Note: Oil prices continue to trade at half their mid-2014 level because of a persistent glut even after the OPEC, plus Russia started a supply-cutting pact seven months ago.
Also providing support is U.S crude oil inventories in the week to July 7 dropped the most in ten-months – is market rebalancing under way?
Gold prices (+0.2% to +$1,230.43 per ounce) inches up as prospects for slower U.S rate hikes weigh on the dollar.
3. Yields wait on Central Banks
What to expect from the European Central Bank (ECB) and Bank of Japan (BoJ)?
The market consensus does not believe that the ECB will provide any hints of policy tightening on Thursday.
Many believe that the ECB is still worried about the “mini taper tantrum” following ECB President Draghi’s speech in late June which resulted in a sharp move in yields (Bund 10-years went from -0.25% to +0.58%) and a rapid appreciation of the EUR (€1.1186-€1.1442).
Forward guidance of its exit strategy is expected at the September policy meeting.
The Bank of Japan (BoJ) is expected to stand pat, proceeding with yield control policy.
4. Dollar nurses losses
The ‘mighty’ dollar continues to flounder atop of its 10-month lows vs. G10 currency pairs as investors cheer upbeat Chinese data (see below) by piling into leveraged positions such as the AUD (A$0.7817), CAD (C$1.2662) and other high-yielding currencies.
U.K’s Brexit Minister Davis is in Brussels for the first full round of Brexit talks. GBP/USD is holding below the psychological £1.31 level, down -0.3% at £1.3066. The pound had been firmer in recent sessions as U.K government was seen as being more seen flexible on immigration aspects in talks.

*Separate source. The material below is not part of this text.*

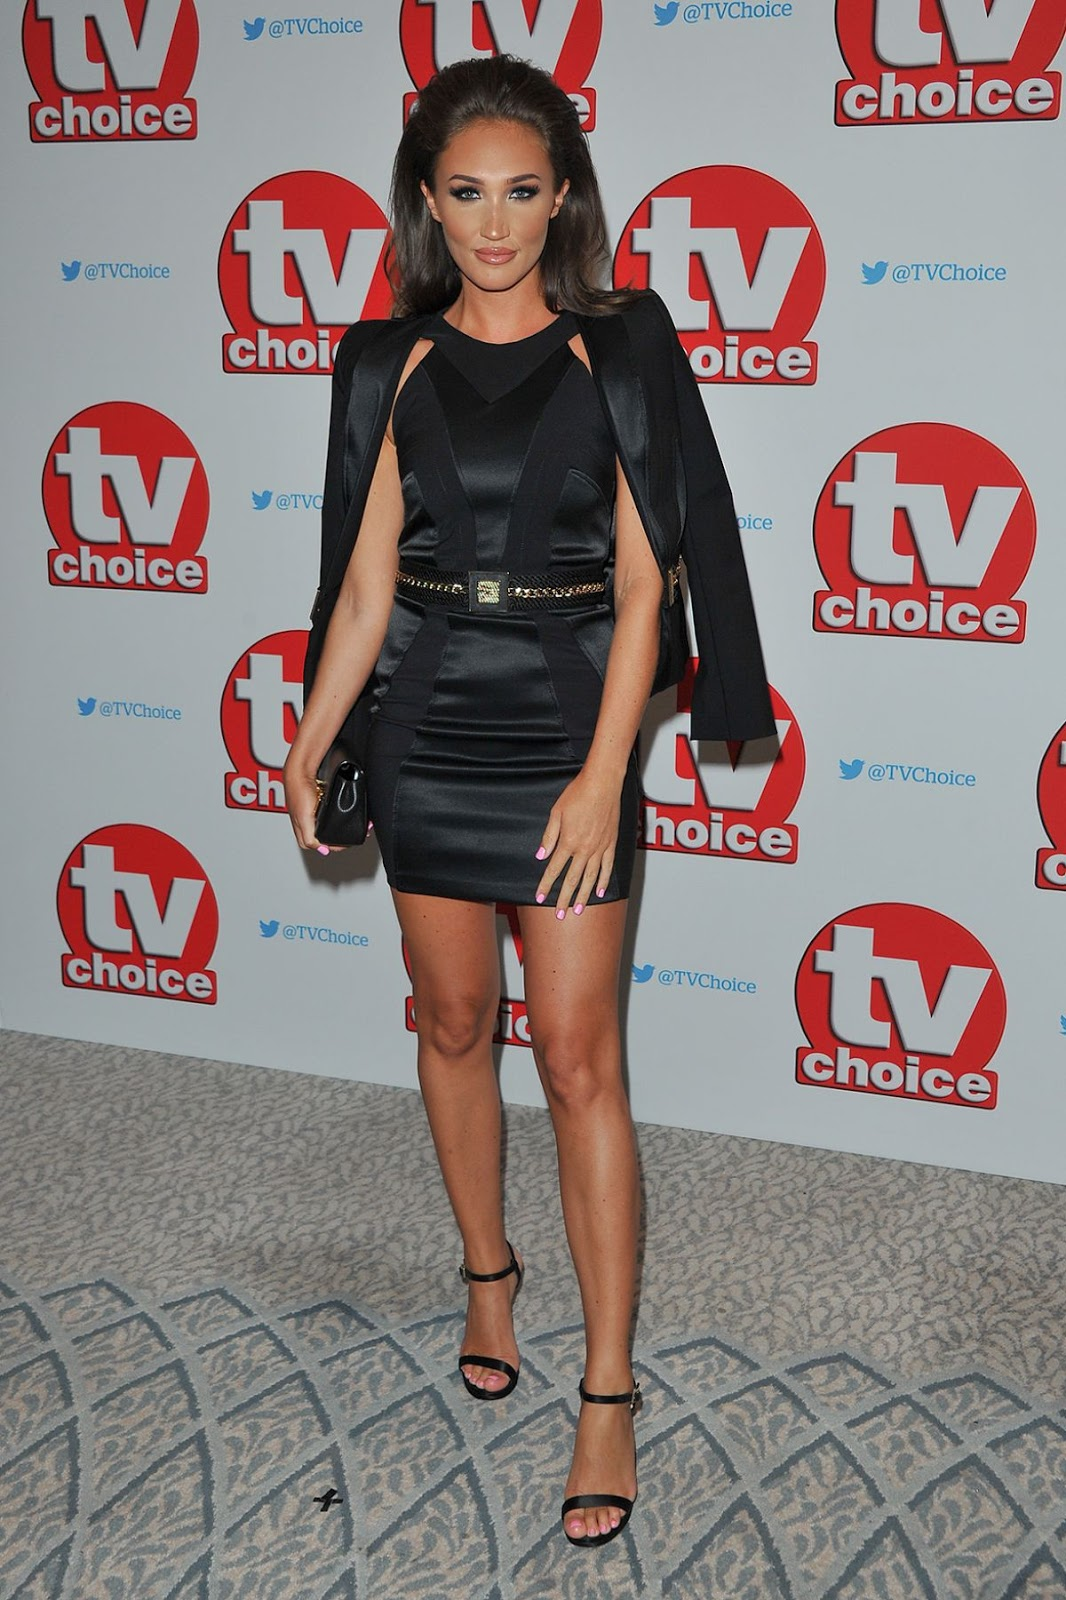 HD Photos of Megan Mckenna at TV Choice Awards in London

The EUR/USD is a tad lower ahead of the U.S open at €1.1450 as Euro Zone inflation data this morning (see below) keeps the argument for a steady ECB policy this week.

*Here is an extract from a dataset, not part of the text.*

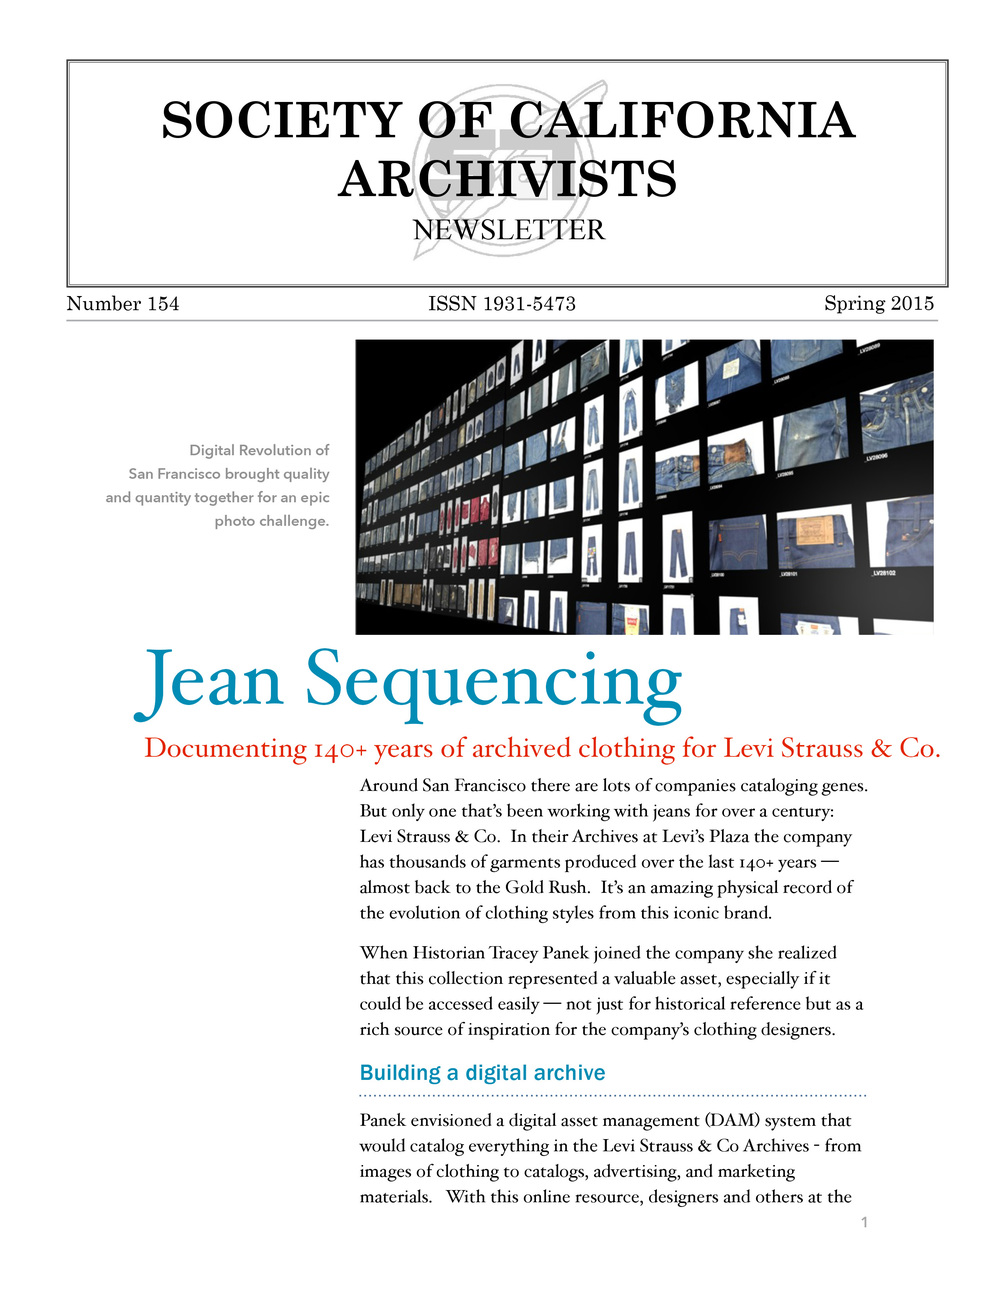 Levis_archivist_page1.jpg

5. China data robust, Euro reports as expected
Data overnight saw China’s Q2 GDP topping forecasts with a rise of +6.9% on the year (vs. +6.5% 2017 target), while retail sale (+11% vs. +10.6%) and industrial output (+7.6% vs. +6.5%) were both strong.
Also China’s President Xi indicated that the PBoC would play a stronger role in defending against risks. Prudent monetary policy should be firmly implemented and the PBOC should take a stronger macro-prudential policy role.
In Europe, June’s Final CPI (+1.3%, y/y) was unrevised and below the target for the third consecutive month ahead of Thursday’s ECB meeting.
This article is for general information purposes only. It is not investment advice or a solution to buy or sell securities.